La ministre déléguée à la Cohésion sociale, Catherine Vautrin, qui doit dresser aujourd'hui le bilan du plan hiver 2005-2006 en Conseil des ministres et devant les associations, a annoncé le 10 avril « un plan triennal pour améliorer l'hébergement » des SDF. Un budget de cinquante millions d'euros permettra la création de 5 000 nouvelles places d'hébergement ouvertes toute l'année. « Ce plan reconnaît que les places doivent être pérennisées, et constitue donc une sorte de réponse à nos demandes, explique Marc Gagnaire, directeur adjoint de la Fnars (Fédération nationale des associations d'accueil et de réinsertion sociale).

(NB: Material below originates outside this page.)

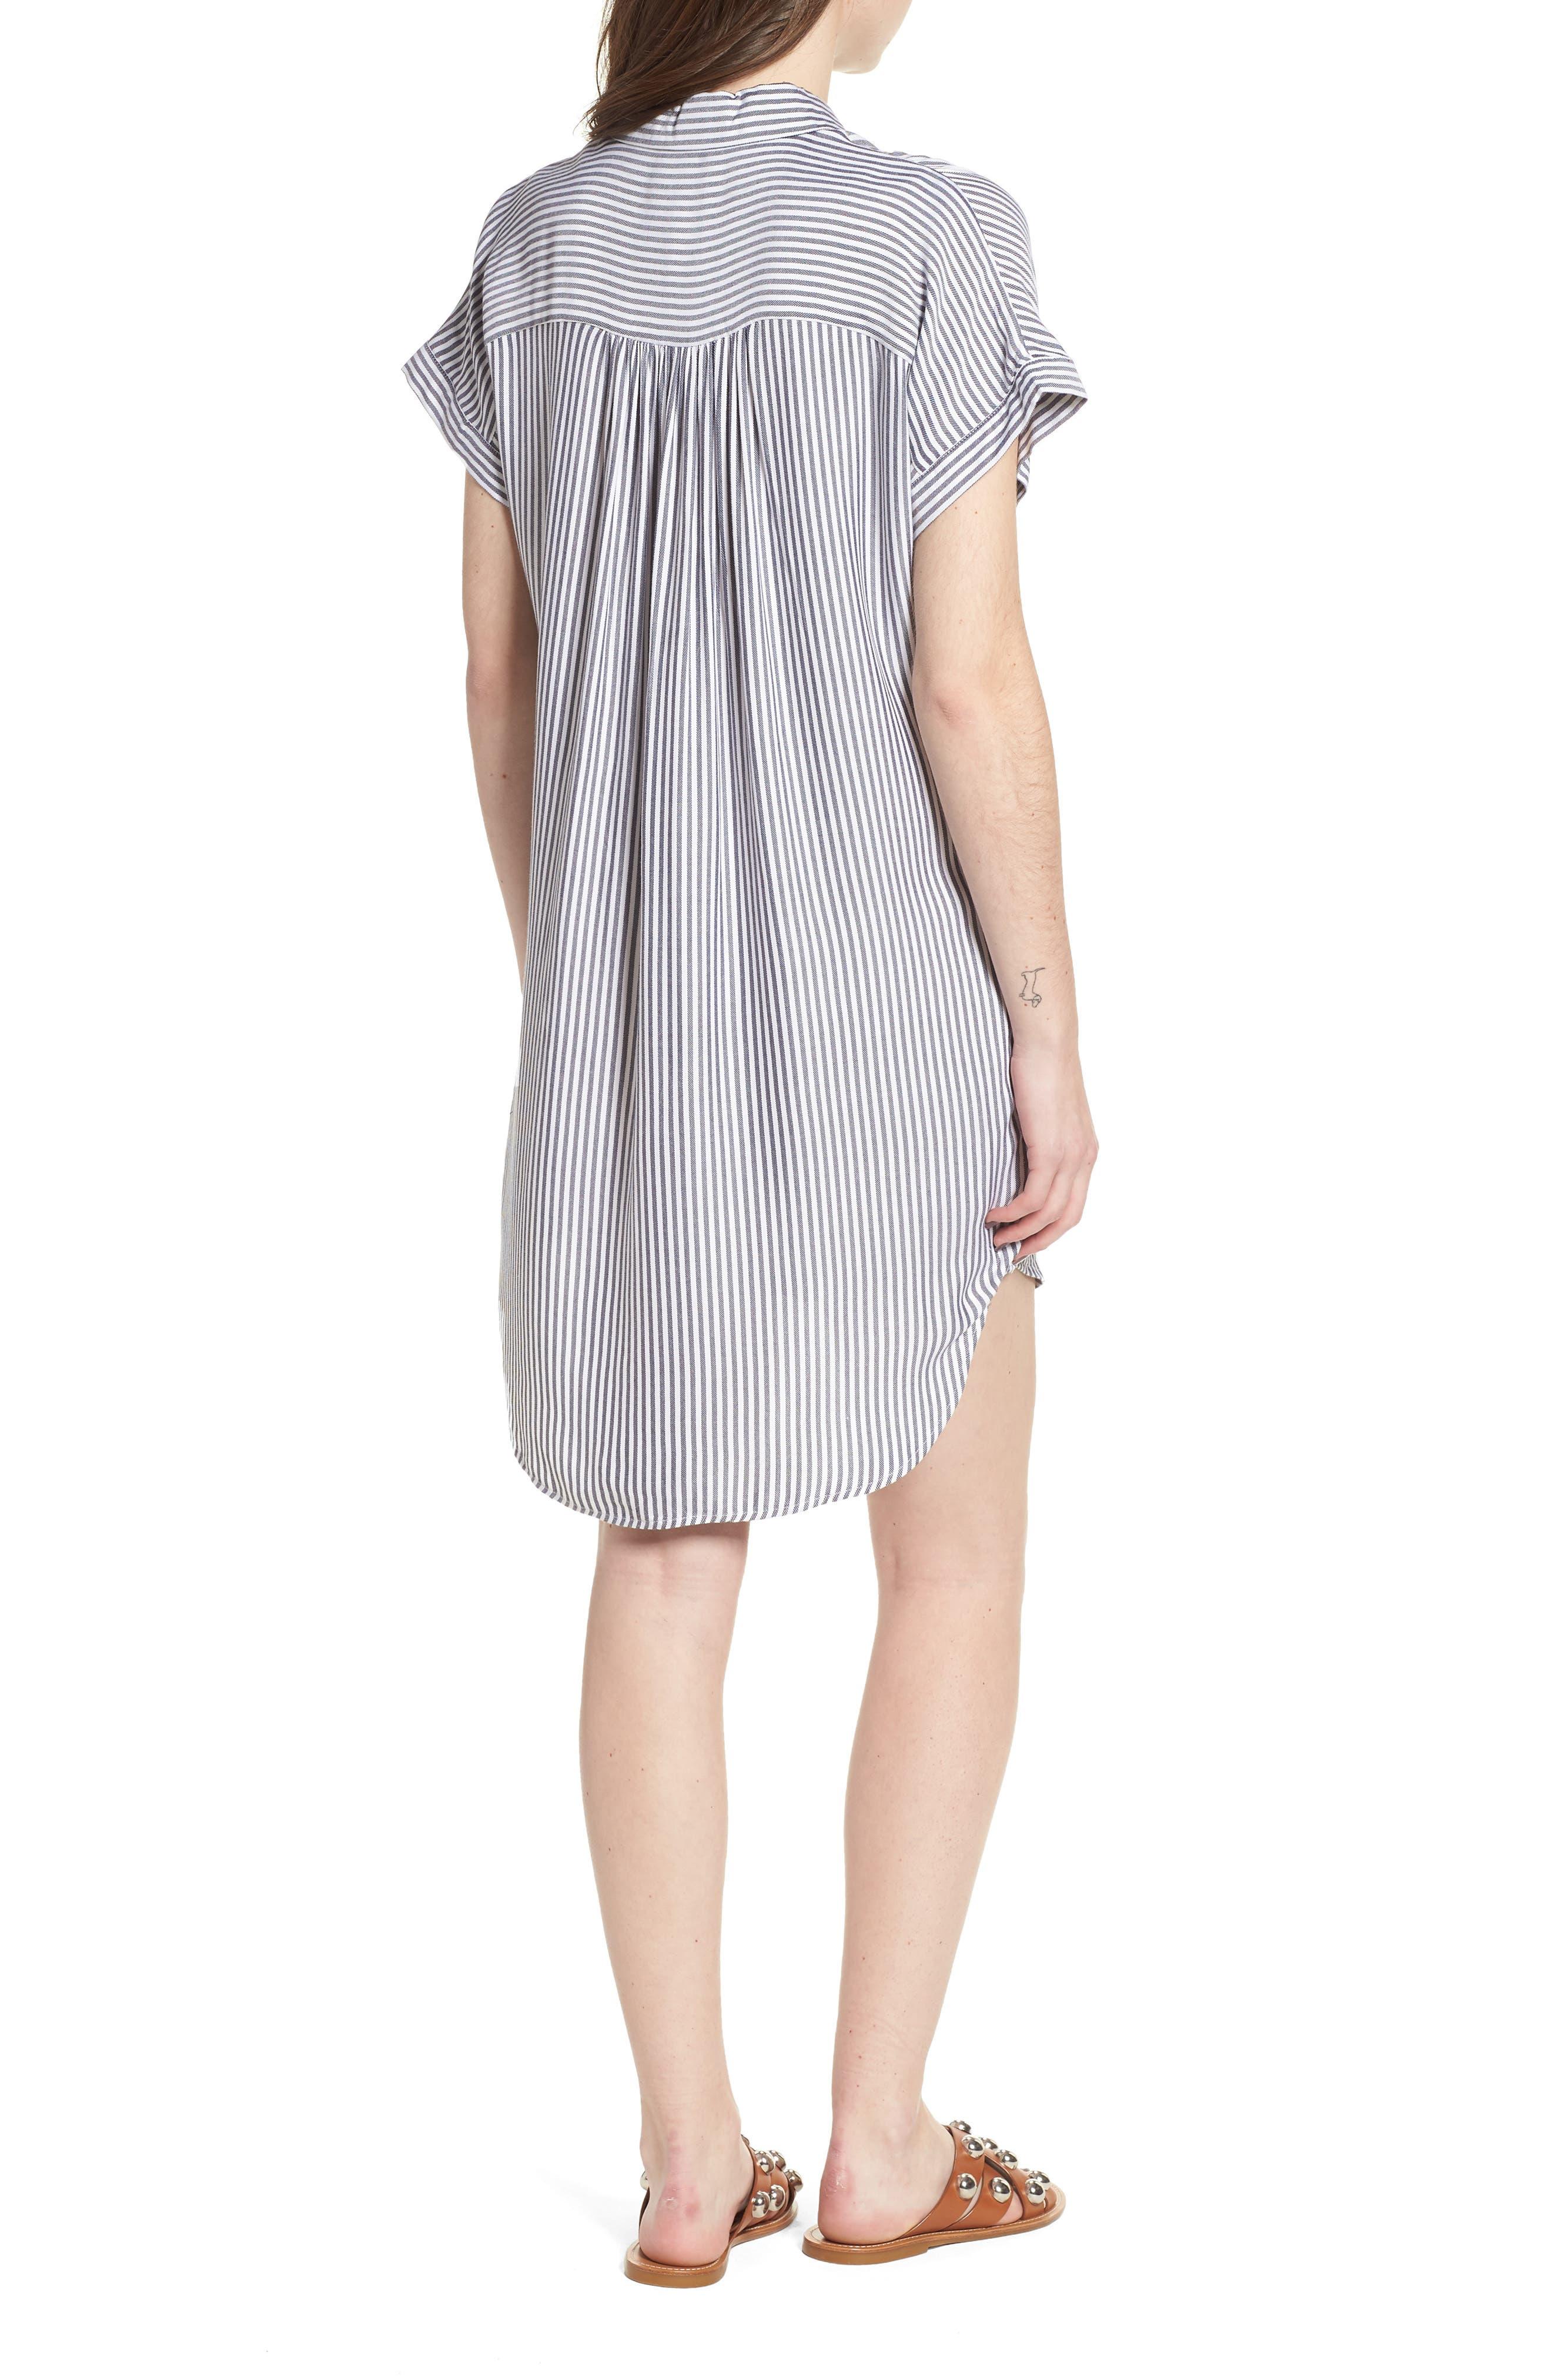 Skipper Stripe Shirtdress,                             Alternate thumbnail 2, color,                             Navy White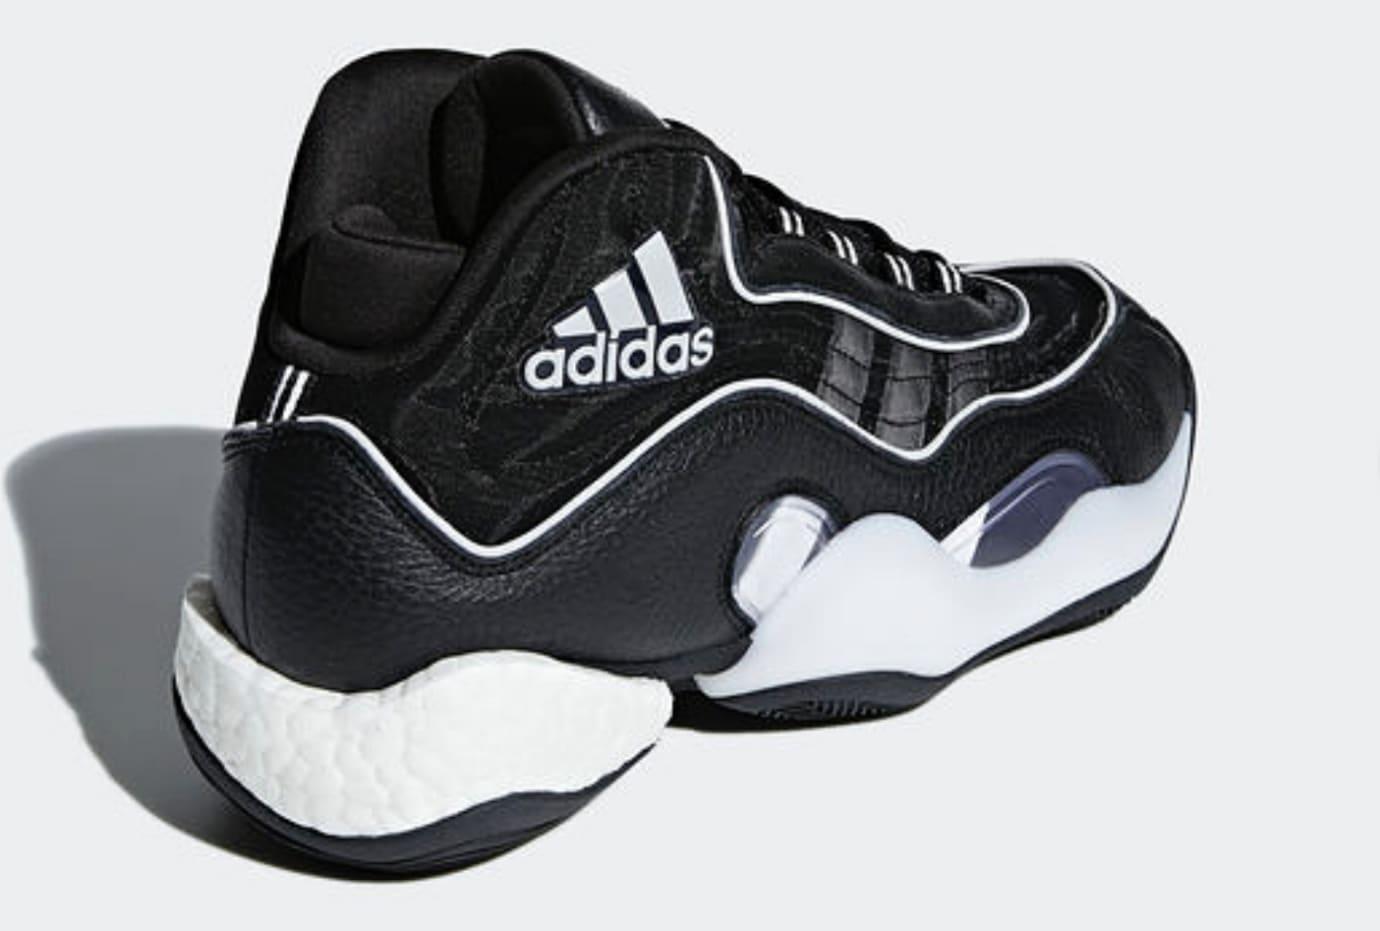 reputable site d9b42 67b67 Image via sneakerhighway23 · Adidas KB8 2Crazy 2 BYW (Heel)

« Mais l'hébergement d'urgence reste un pis-aller, estime Patrick Rouyer. Il faudrait plutôt des logements, type “maisons relais”, pour réapprendre la vie sociale, retrouver un emploi, se réinscrire dans un parcours de vie. » En attendant, sans-abri et associations réclament une ouverture toute l'année de tous les centres d'hébergement. Les publics ont changé, avec plus de familles, plus d'enfants, plus de jeunes. « Il faut du temps pour adapter l'accompagnement à chacun. Or la logique qui prédomine aujourd'hui est celle de l'immédiateté », constate Marc Gagnaire.

Constance Badot

Pour Bertrand Delanoë, « il existe à Paris mille places d'hébergement d'urgence, qui pourraient rester ouvertes, à condition que le gouvernement débloque les financements ».